Author's Note:
This is an alternate timeline from the previous Snapped entry. Each story in the Snapped series is based upon the same premise and use the same survival table (see character list if interested, about two chapters back) but have the Snap occur at various points throughout time.
Snapped: Awakening
January 17, 1987
It was hard to think for himself. It occurred only rarely, brief flickers between warm apathy that normally surrounded and smothered him. He lived for those moments, though they never brought him any measure of peace and only made his life more intolerable.
Never for long. He was neither happy nor unhappy, not rebellious nor obedient. For obedience requires will, and enforced actions have no inherent nature. He could hardly have been called a person at all, given most standard definitions. When one does nothing but what one is told, when one drifts through day after day in a haze of unconcern, nothing has any meaning.
Time was meaningless. Existence was meaningless. Death was meaningless. Survival, meaningless.
He lived for the tiny flickers of time when he remembered himself, when he could imagine for just the briefest moment that there could be a future.
Mostly he dreamed. He dreamed of a home, quiet and stilted. He dreamed of meals taken alone or with his father in cold silence. He dreamed of outings, brief interludes of calm amid an ocean of apathy, of trees and fields and lakes. He dreamed of his mother, dead and gone. He dreamed of his father, cool and distant.

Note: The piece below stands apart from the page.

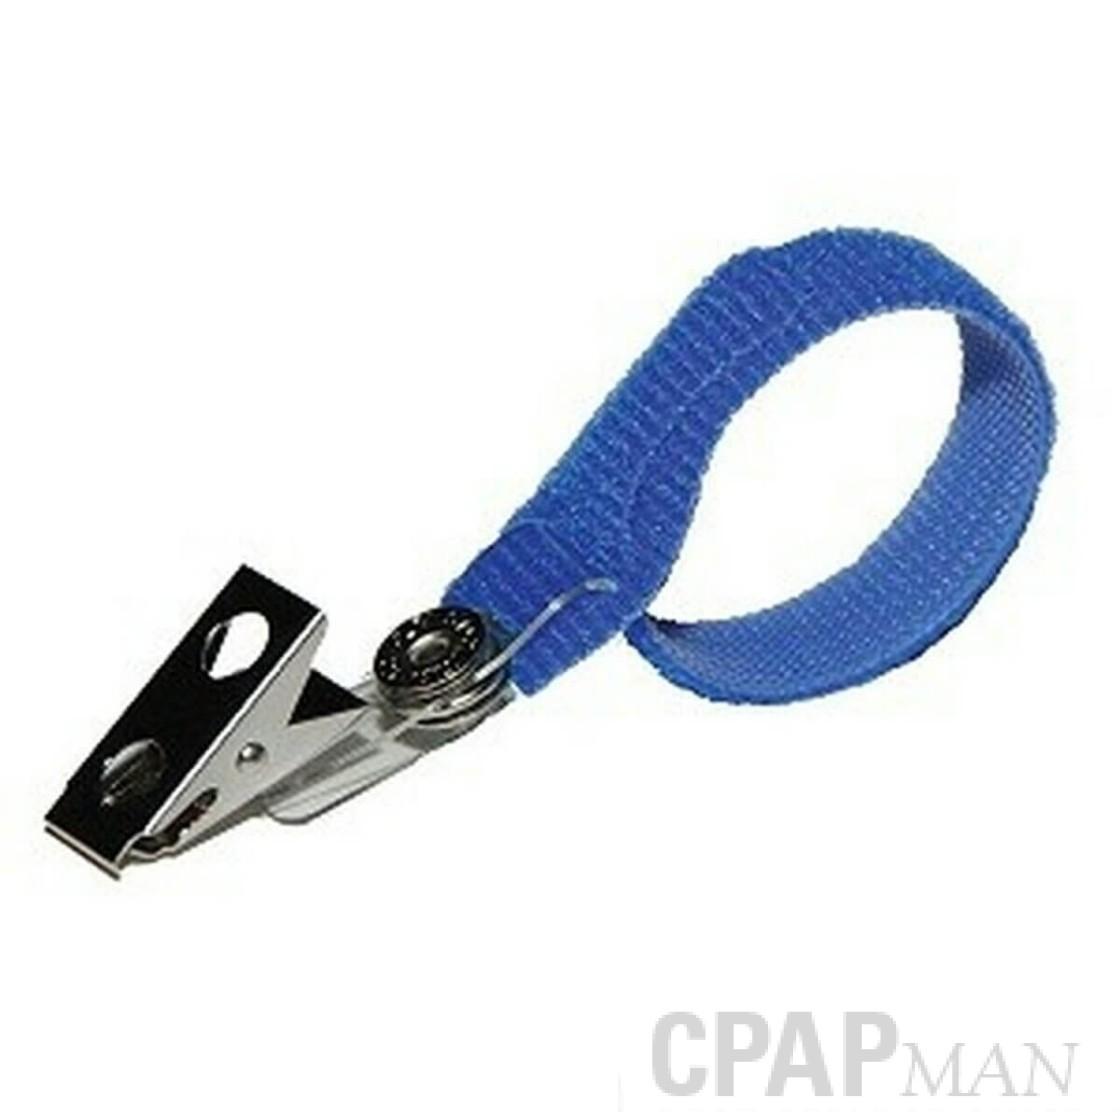 SleepWeaver Advance CPAP Hose Clip - Circadiance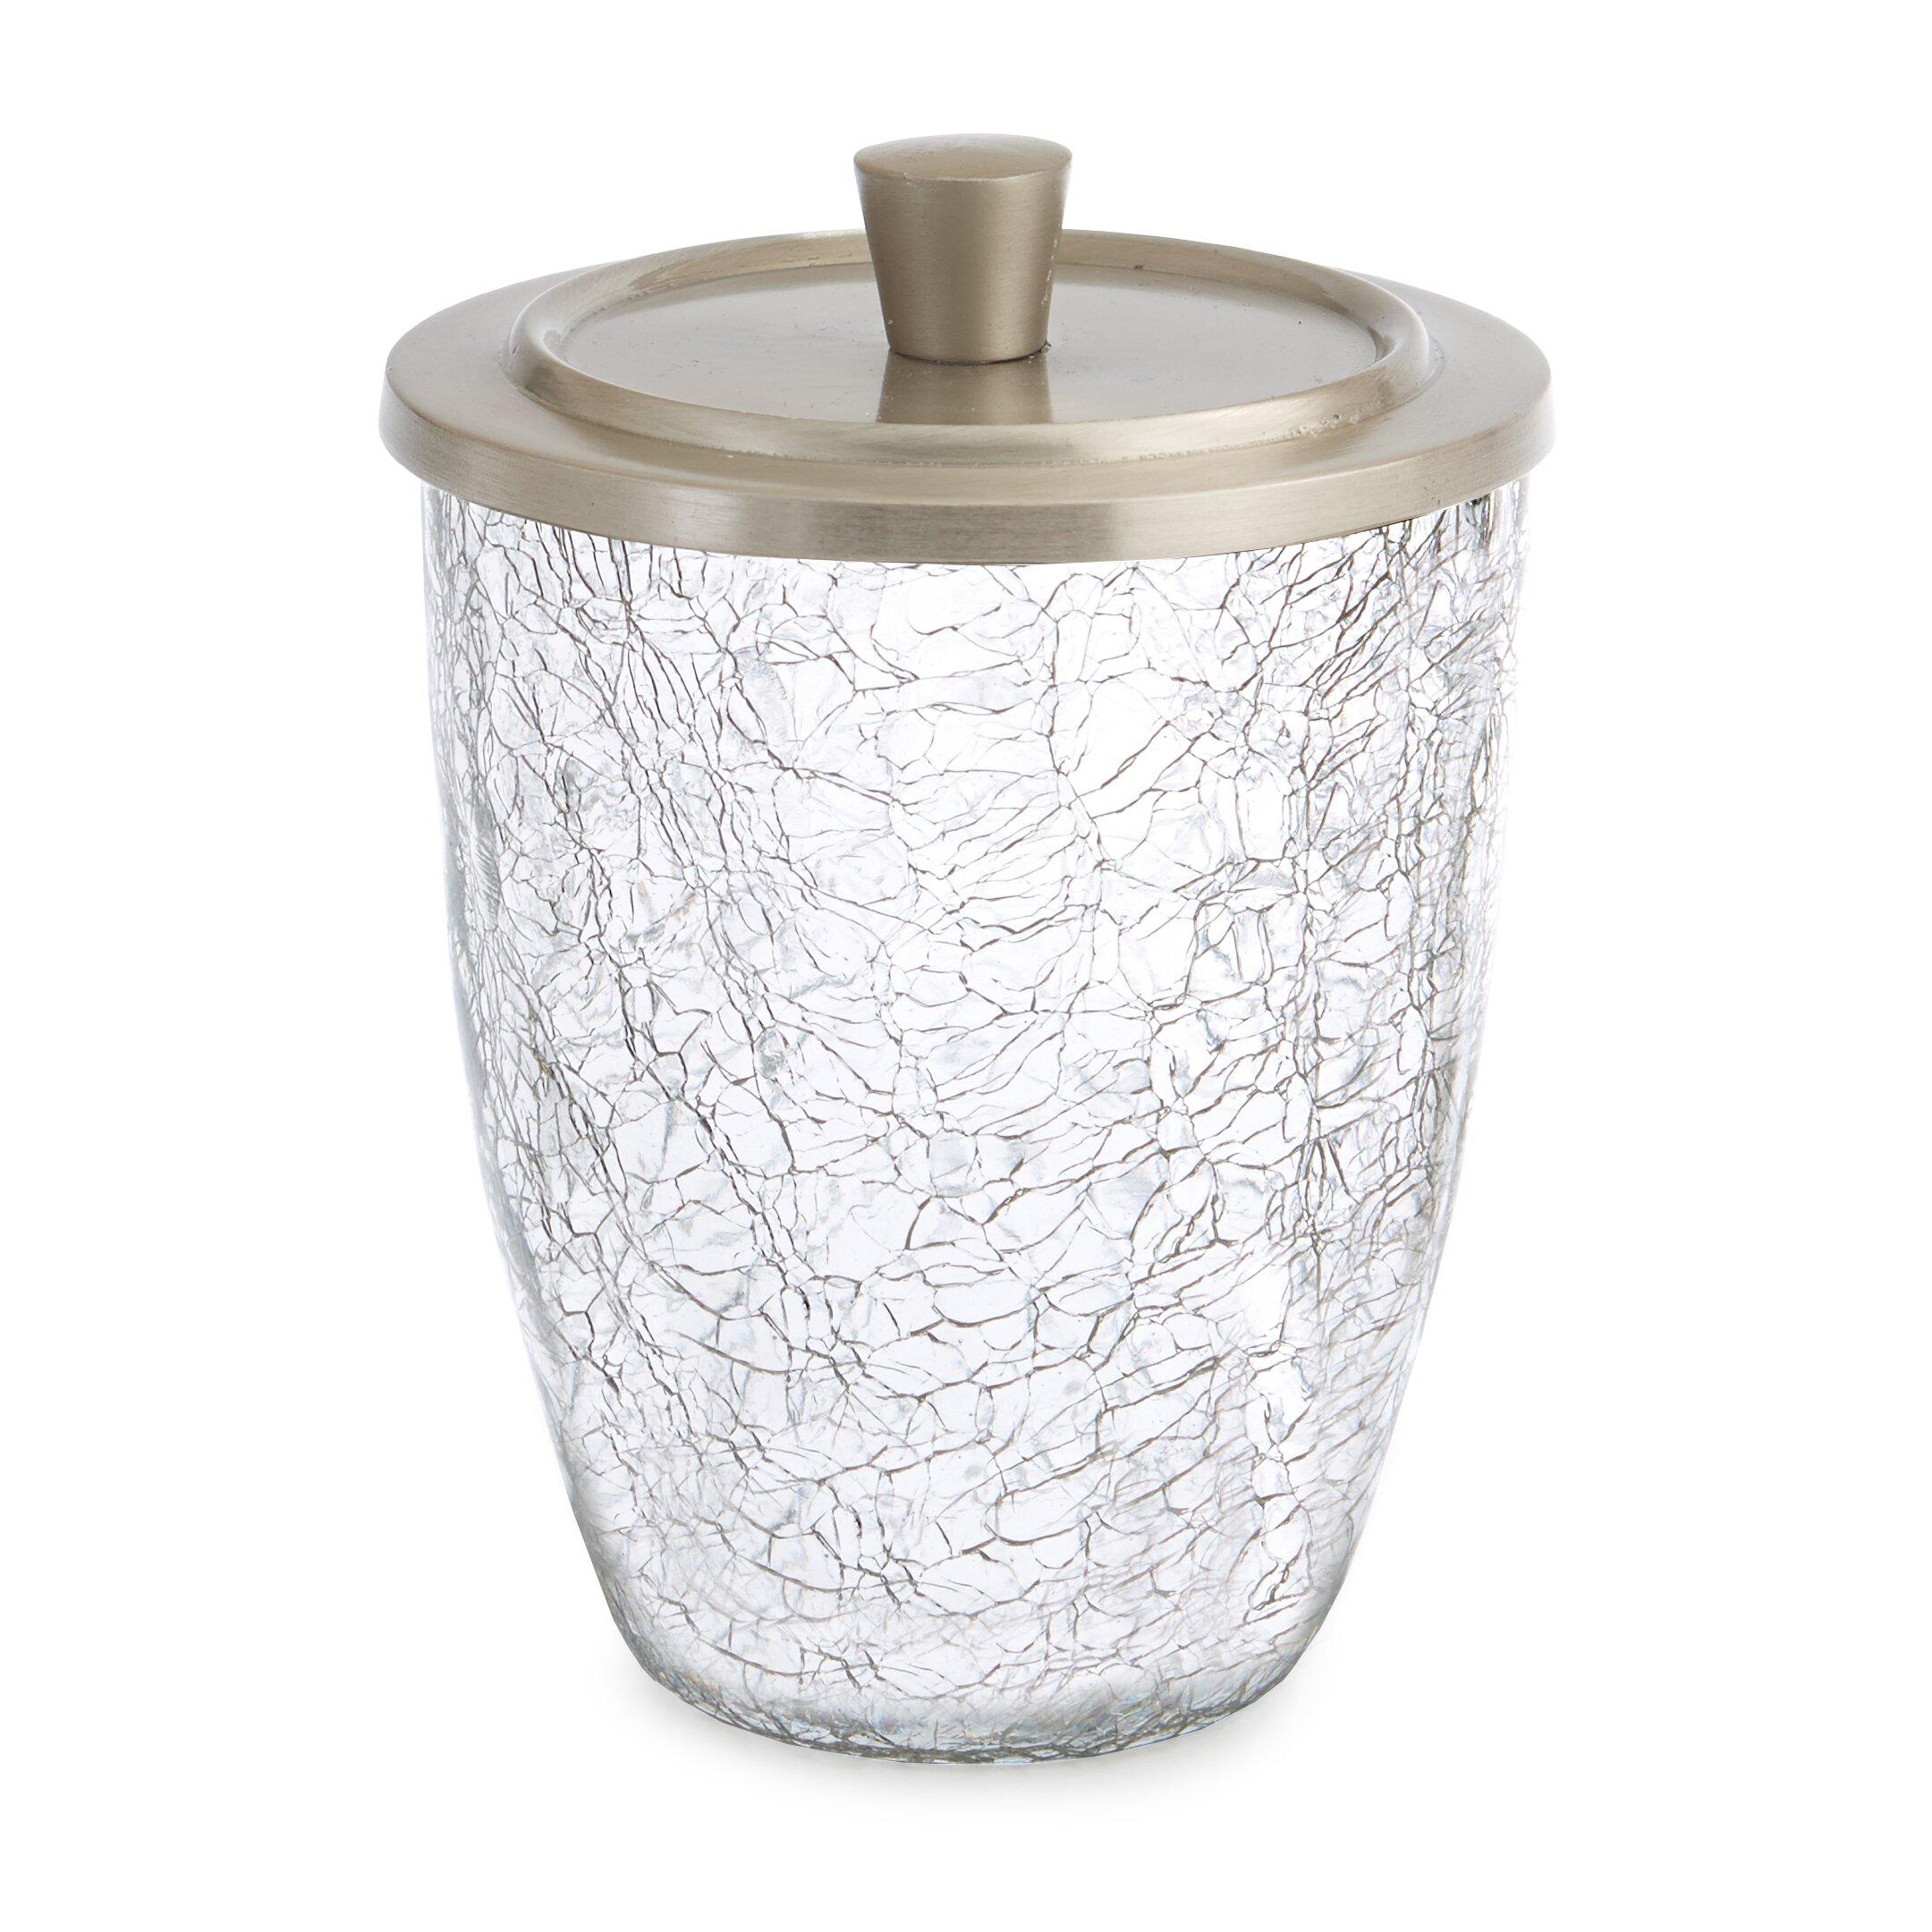 Paradigm trends heirloom crackle 7 piece bathroom for Crackle glass bathroom set

He dreamed of his master, quietly whispering commands that he could never quite understand or remember.
Three months passed, (or was it ten years, or a week?) but he didn't mind, didn't care. He dreamed of blueberries on biscuits, and a quiet 'Happy Birthday' whispered in grudging tones, and he had dreamed of this before. It had been different foods, but the same words. Twice, or six times perhaps? He couldn't remember how often he'd dreamed of this day.
More days passed, and he dreamed of halls and warmth locked in against winter chill. He dreamed of snow and ice, and that too he had dreamed before.
His master was patient, but one as great as he could only afford so much time. He began to worry, in his brief flashes of lucidity, if there was nothing that could be done.
Planning proved impossible. So much time passed between moments, he spent so much time dreaming instead of living. He could resent it, momentarily, but he hadn't the time nor mental fortitude to do more. Plans were out of the question entirely. He was held, bound by power too great for him to resist, and nothing he could do would break those bonds.
Something else broke them for him.
One day, one quiet winter day, the world was broken in two. And his prison split open, leaving him gasping and shivering, dying and alive for the first time since his master's fall.
"My father is dead," he said aloud, and found it to be true. His voice rasped weakly, unaccustomed to such use, but he needed no voice to conjure his wand to him from wherever his father had hidden it, and though he had dreamed for a long time he had not forgotten his skill or his power.
He ran his hand along the wand, not quite touching, letting the static-like discharges of magic jump between the wood and his skin. For a time he sat, eyes half closed, as he allowed his dreams to fade and reveled in the sharp reality of power and possibility.
It was hard, to think for himself. Habits were ingrained within him now, habits of silence, of passivity, of inaction. He was to wait, stay out of sight, and perform such minor tasks as were necessary to keep the house running. The elf was his sole companion, and she knew to manage him calmly and direct his actions.
Where was she? Shouldn't she have arrived the moment his father died? He would be her only master now. But she didn't appear, and so he put her out of his mind.
Though he retained instinct and knowledge, his mind was slow to comprehend and accept its new freedom. Part of him missed the calm and quiet to which he'd become so accustomed, while the hidden spark that had raged silently all those years lifted its head and began to kindle into greater heat.
He sat, magic suffusing him, sparks of blue-green power jumping between his dancing fingers and the patient wand beneath.
Slowly, the dreams coalesced into memory. Faint and fragmented, as he'd had little reason to retain it, but beneath all the quiet imposed upon him there remained a whisper. A whisper he knew, revered, and would never refuse.
His master wanted him. Had been calling him for months, years, while he languished here.
That thought was enough to galvanize him into action. He stood, legs untrembling, and lifted his wand. Only a few had been told this secret, this power meant for use only in the last extremis.
"Morsmordre," he called, twisting his wand to direct at his own arm. Pain flared like fire, but he only laughed wildly. It had been so long, so so long, since he'd felt.
And he knew where he had to go.
"I'm coming, master," he shrieked. Laughing madly, he turned on the spot and disapparated.
The crack of his departure echoed once, dully, then the house lay empty and still.
It would remain so for a very long time.
Minor edits on 10-07-18: fixed a few typos and removed a repeated sentence.